Appellant maintains that there was no evidence presented in his contempt hearing to show that he understood the "ramifications" of the CPO, "except for hearsay statements by [Ms. West]." He also claims that Ms. West's supposed hearsay testimony regarding his awareness was improperly admitted. Both of these arguments are without merit.
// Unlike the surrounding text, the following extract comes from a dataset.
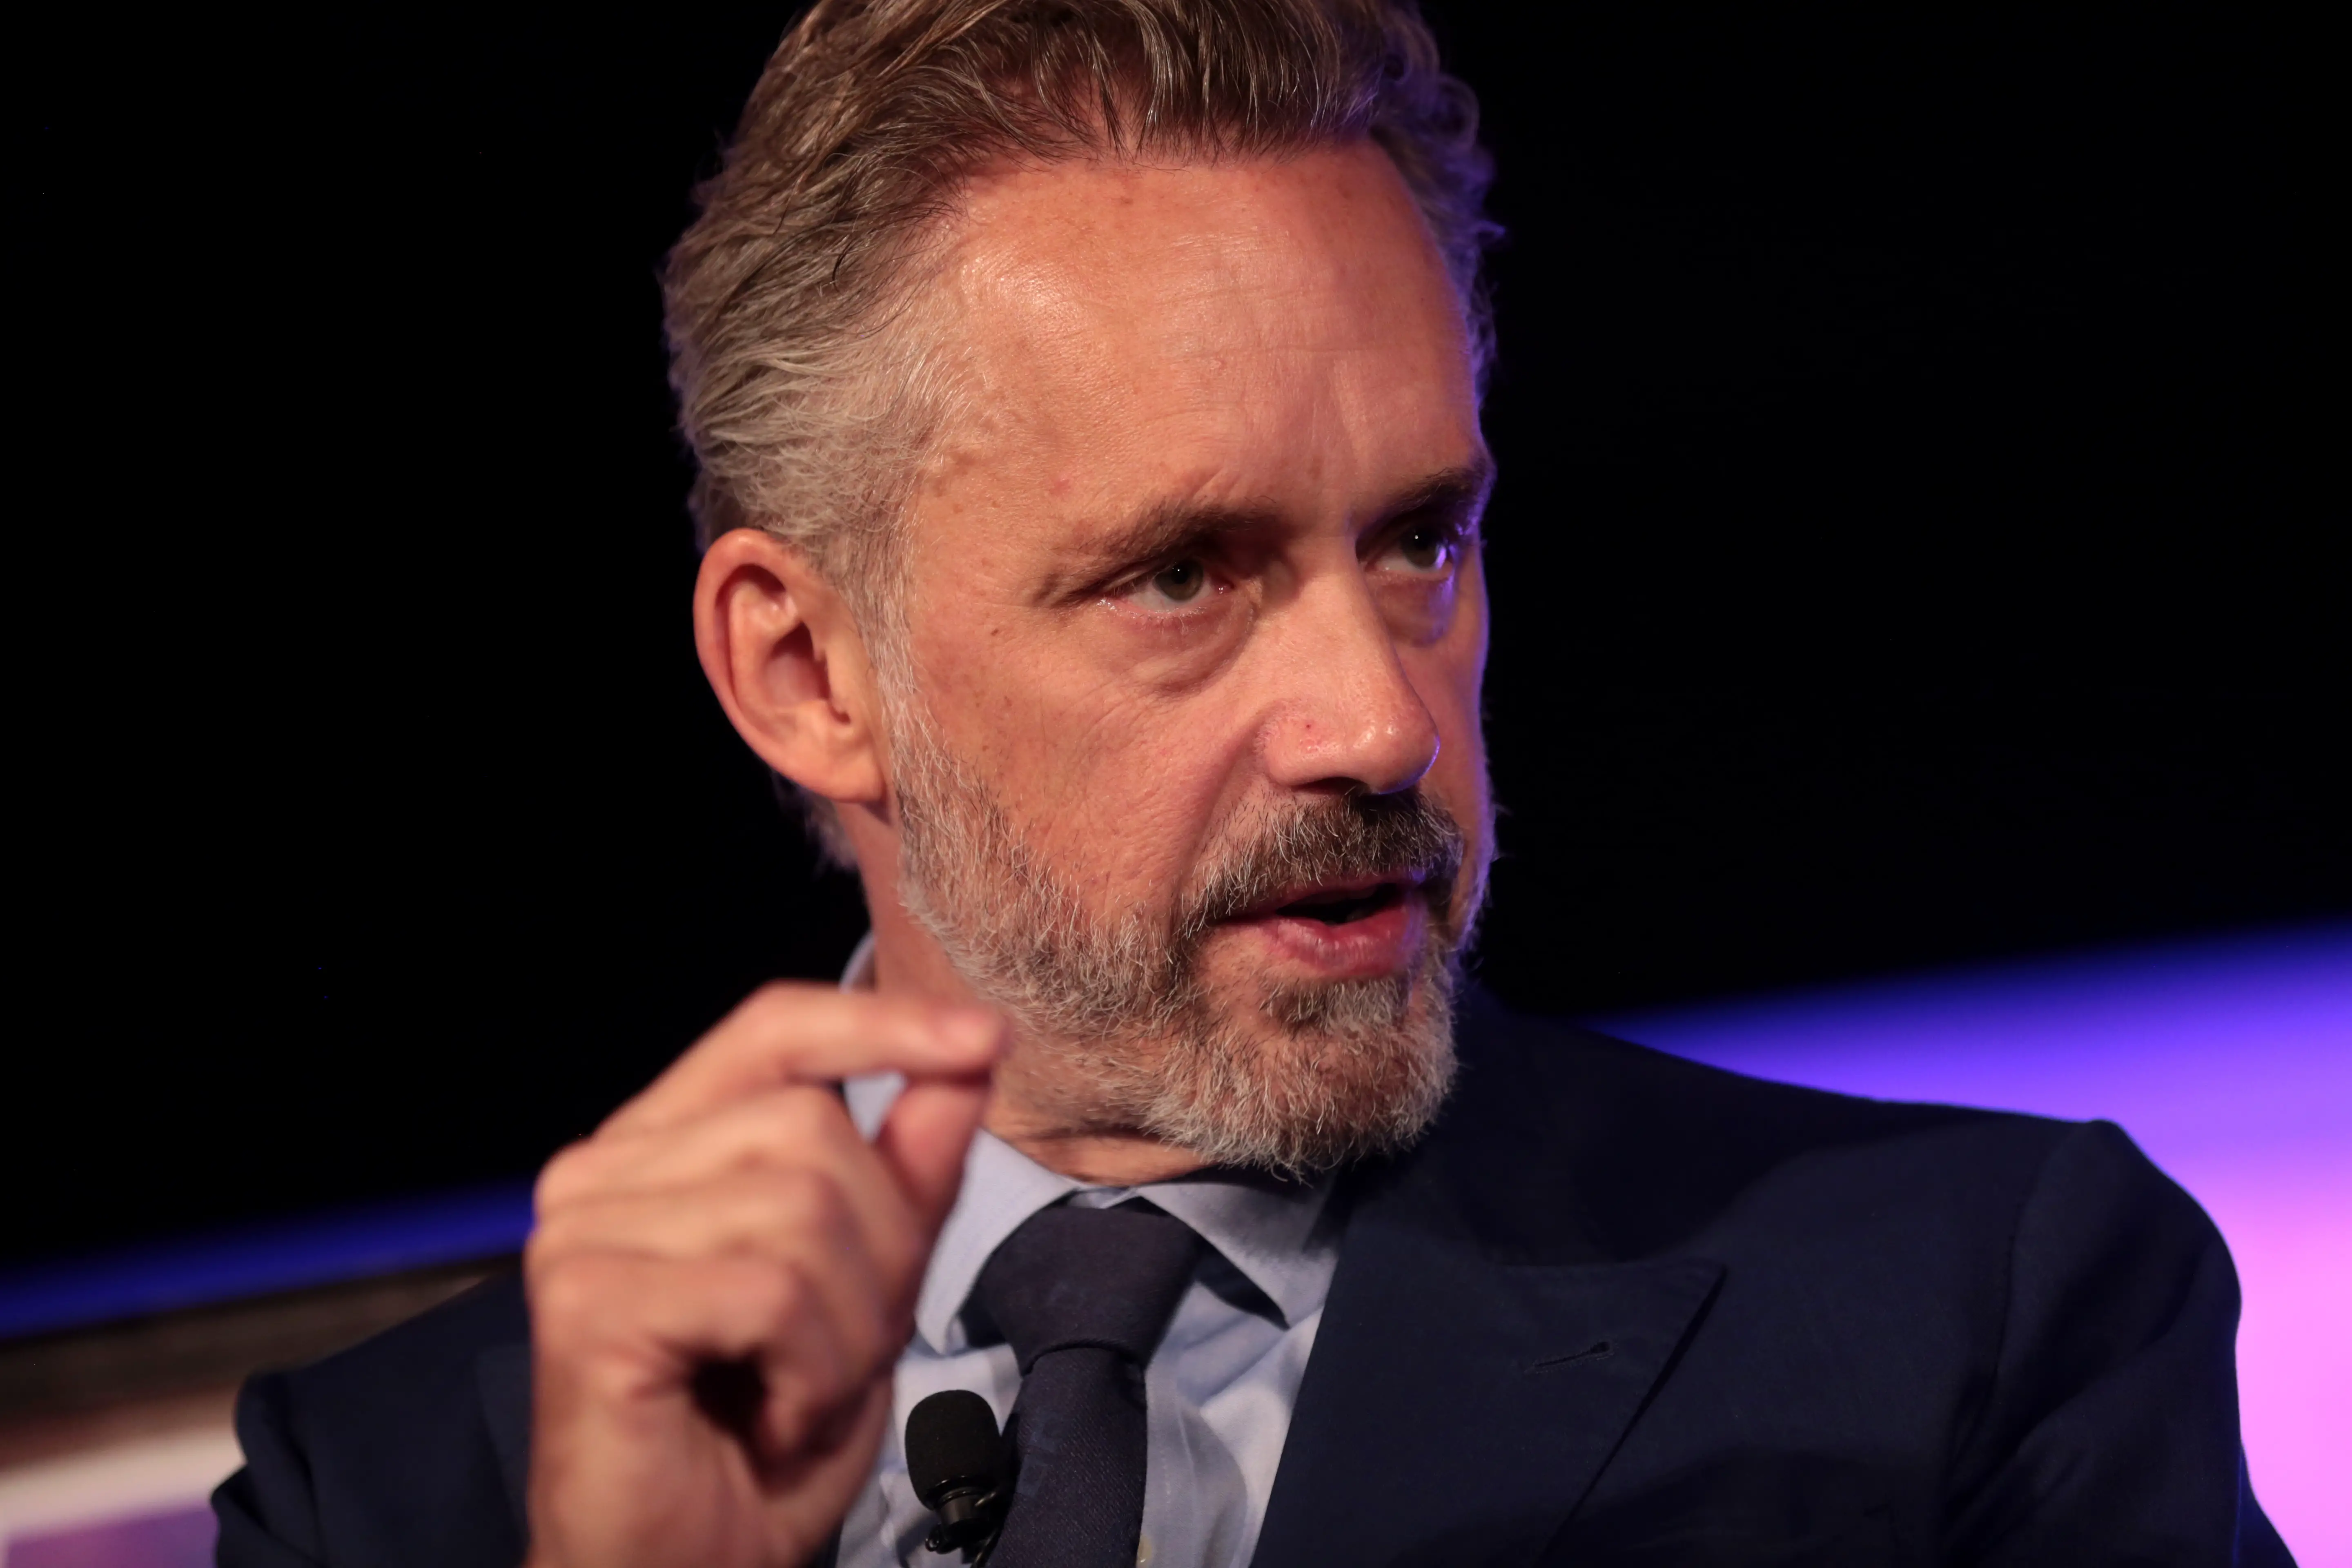 Top 30 Motivational Jordan Peterson Quotes To Lead A Successful Life

With respect to appellant's first contention, the evidence showed that appellant was handed a copy of the CPO by the courtroom clerk in open court on July 23. The text of the document specifically and plainly prohibited contact with Ms. West, and there was no indication that appellant had any difficulty in*fn2 understanding what it said. The trial court was correct when it ruled that the government was not required "to put on direct evidence that he understands the English language to meet that requirement" -- i.e., the requirement that he "not contact [Ms. West] . . . by telephone." To argue that appellant did not understand the implications of the CPO when he was personally served with a copy of it is, on this record, essentially frivolous.

Appellant's other contention, that hearsay evidence was erroneously admitted against him, is equally unavailing. The evidence established that on ten separate dates appellant called Ms. West eighteen different times. During at least two of these calls, Ms. West specifically told appellant that he was violating the CPO. Defense counsel objected to this testimony as hearsay, but the court correctly overruled his objection.
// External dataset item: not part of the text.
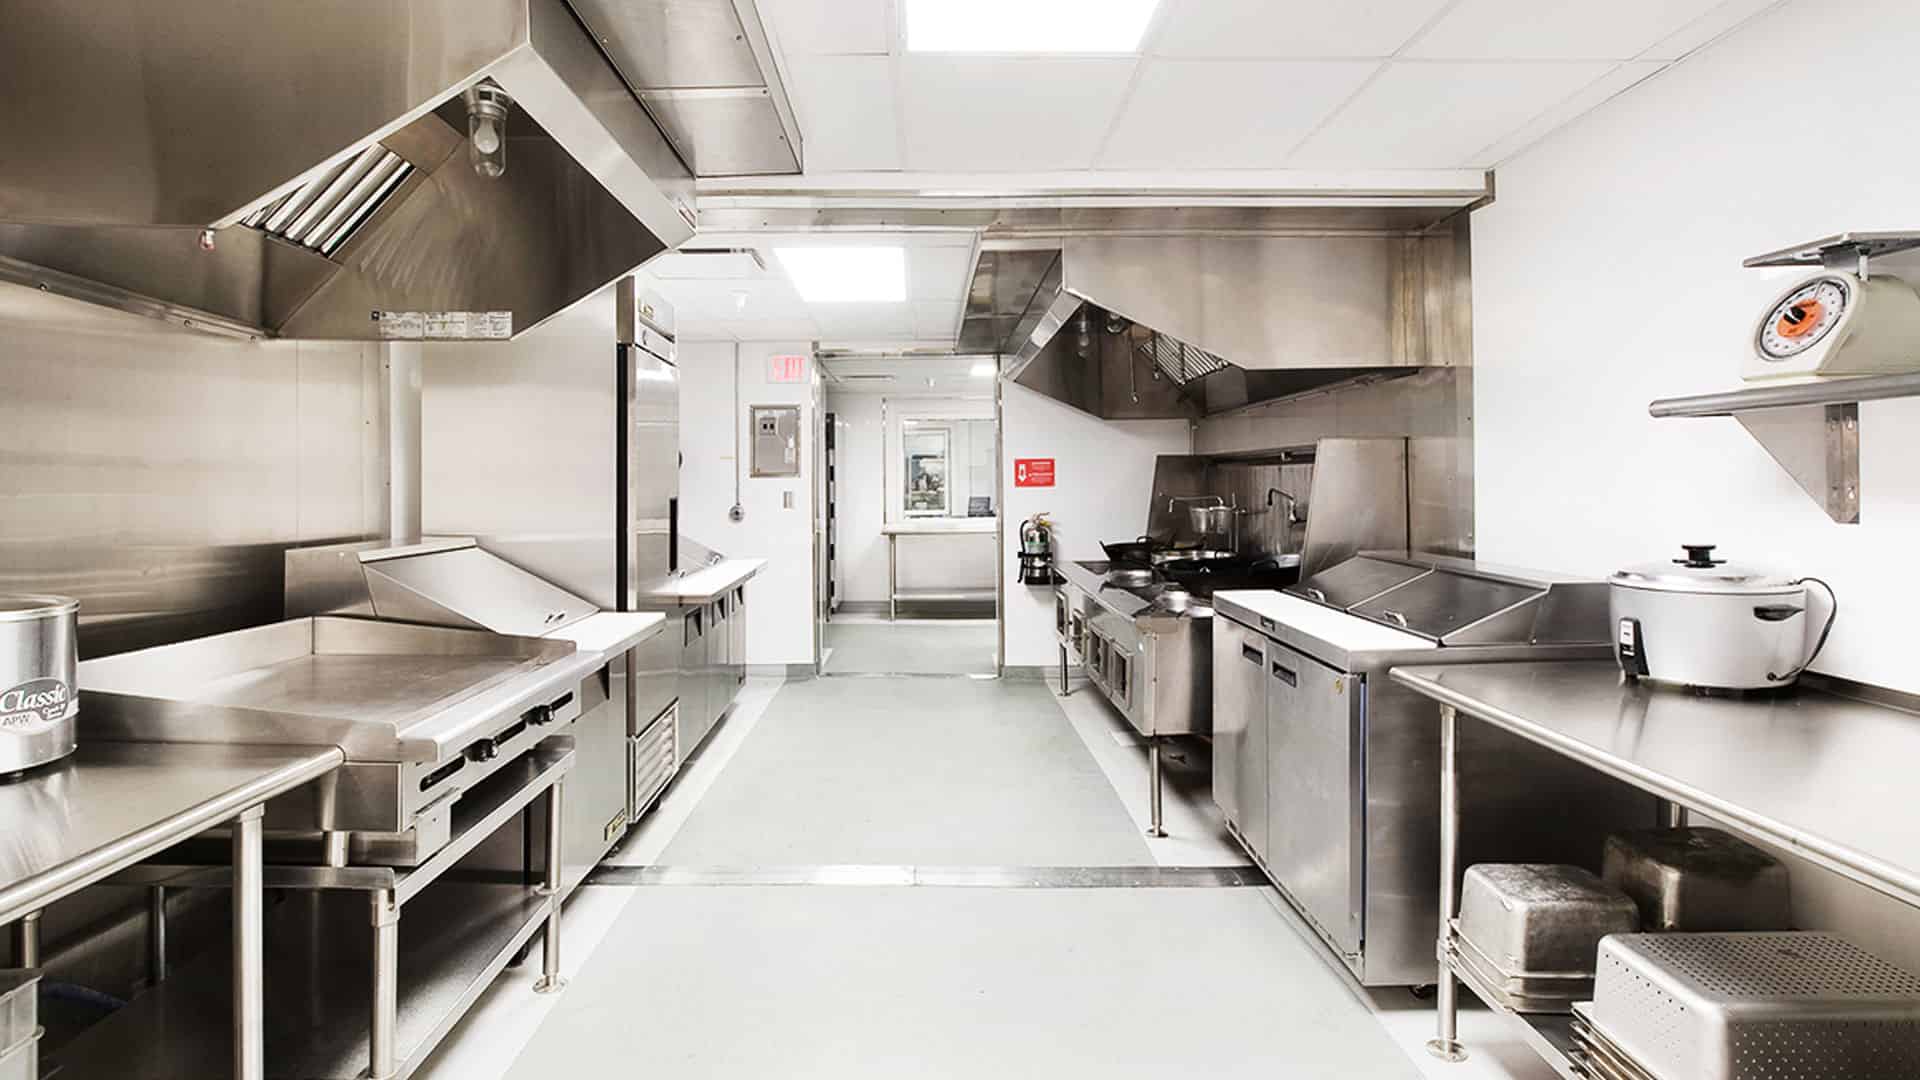 Essential Equipment and Layout for an Efficient Commercial Kitchen

Hearsay is a statement, other than one made by the declarant while testifying at a trial, offered to prove the truth of the matter asserted. See, e.g., In re D.S., 747 A.2d 1182, 1187 (D.C. 2000). However, "[i]t is fundamental that an out-of-court statement is not hearsay if it is offered for a purpose other than to prove the truth of the matter asserted." Perritt v. United States, 640 A.2d 702, 704 (D.C. 1994). In this case the government elicited Ms. West's testimony not to prove that appellant violated the CPO, but to show that he was aware of its existence and its requirements. The court acknowledged this in its decision by noting that Ms. West's testimony was "clearly relevant on [the] issue of his knowledge that he knew not to contact [her]." Furthermore, this court has routinely recognized out-of-court statements as non-hearsay when they are used to show the effect on the listener and not to prove their truth. See, e.g., Goldsberry v. United States, 598 A.2d 376, 380 (D.C. 1991) (notice advising appellant of time and place of trial, signed by appellant and witnessed by clerk, was admissible to show that appellant had notice of court appearance); Jenkins v. United States, 415 A.2d 545, 547 (D.C. 1980) (statement of court clerk that appellant's case had been dismissed was admissible to show the reason for his belief that he did not have to appear at trial).

We therefore find no error in the court's admission of Ms. West's statements to appellant that he should stop calling her because they showed that appellant had notice that his conduct was violative of the CPO. Moreover, even if that testimony were excluded, there was sufficient other evidence of appellant's knowledge of the CPO (the clerk's hand delivery in open court) and his willful violation of it (eighteen separate calls) to support his conviction.


For these reasons, appellant's conviction of contempt is Affirmed.